Editor, Asia; Hong Kong, China (@Marshy00)

Thanks in large part to the success of the Wilson Yip/Donnie Yen films, this prequel makes its way to the screen, helmed by prolific schlockmeister Herman Yau and with the full blessing of Ip Man's own son, Ip Chun, who also makes a memorable appearance as one of the wing chun master's mentors. 
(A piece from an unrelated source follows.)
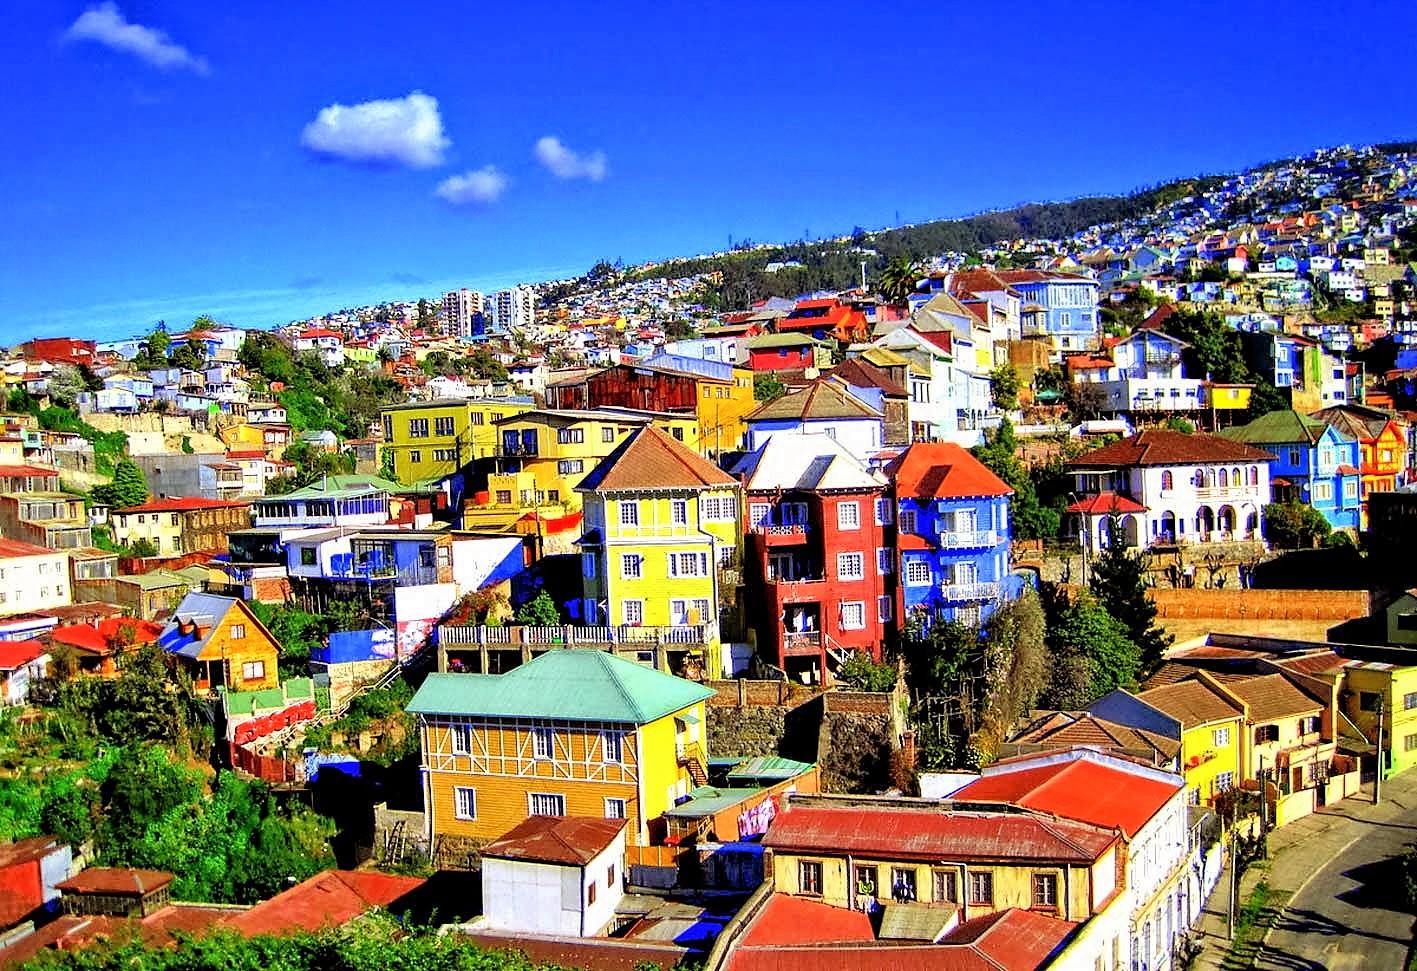 1600 Sf To Sm 5 Five 5 Valparaiso Chile
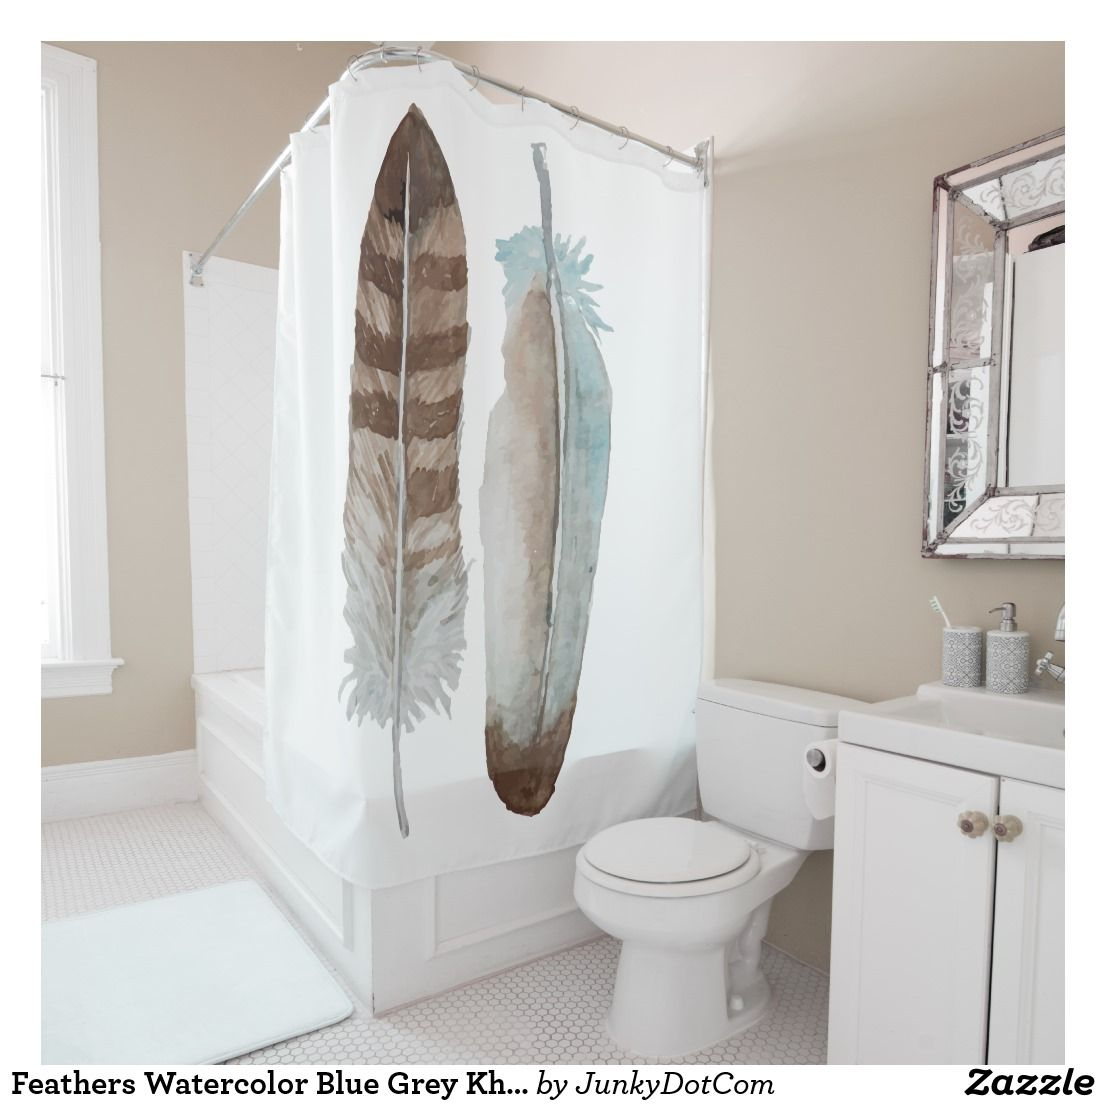 Feathers Watercolor Blue Grey Khaki Pastel Shower Curtain Zazzle

Beginning in 1905 the film charts Ip Man's (To Yu Hang) formative years as he enrolls in Master Wah Shun's (Sammo Hung) wing chun academy, along with his adopted brother Tin Chi (Fan Siu Wong). There they meet Mei Wai (first played by CJ7's Xu Jiao, then later by Rose Chan) and the three form a tumultuous love triangle that over time will see Mei Wai's love for Ip Man go largely unrequited while she is wooed by Tin Chi. After an all too brief cameo, Sammo's character dies, and the school is taken over by Brother Chung So (Yuen Biao), who is eager to preserve the purity of authentic wing chun. He despairs when Ip Man returns to Foshan from Hong Kong (where he encounters a sub-Twister moronically racist expat) displaying all-new moves acquired by an elderly but highly proficient herbalist named Leung Bik (the 86-year-old Ip Chun, who also serves as a consultant on the film).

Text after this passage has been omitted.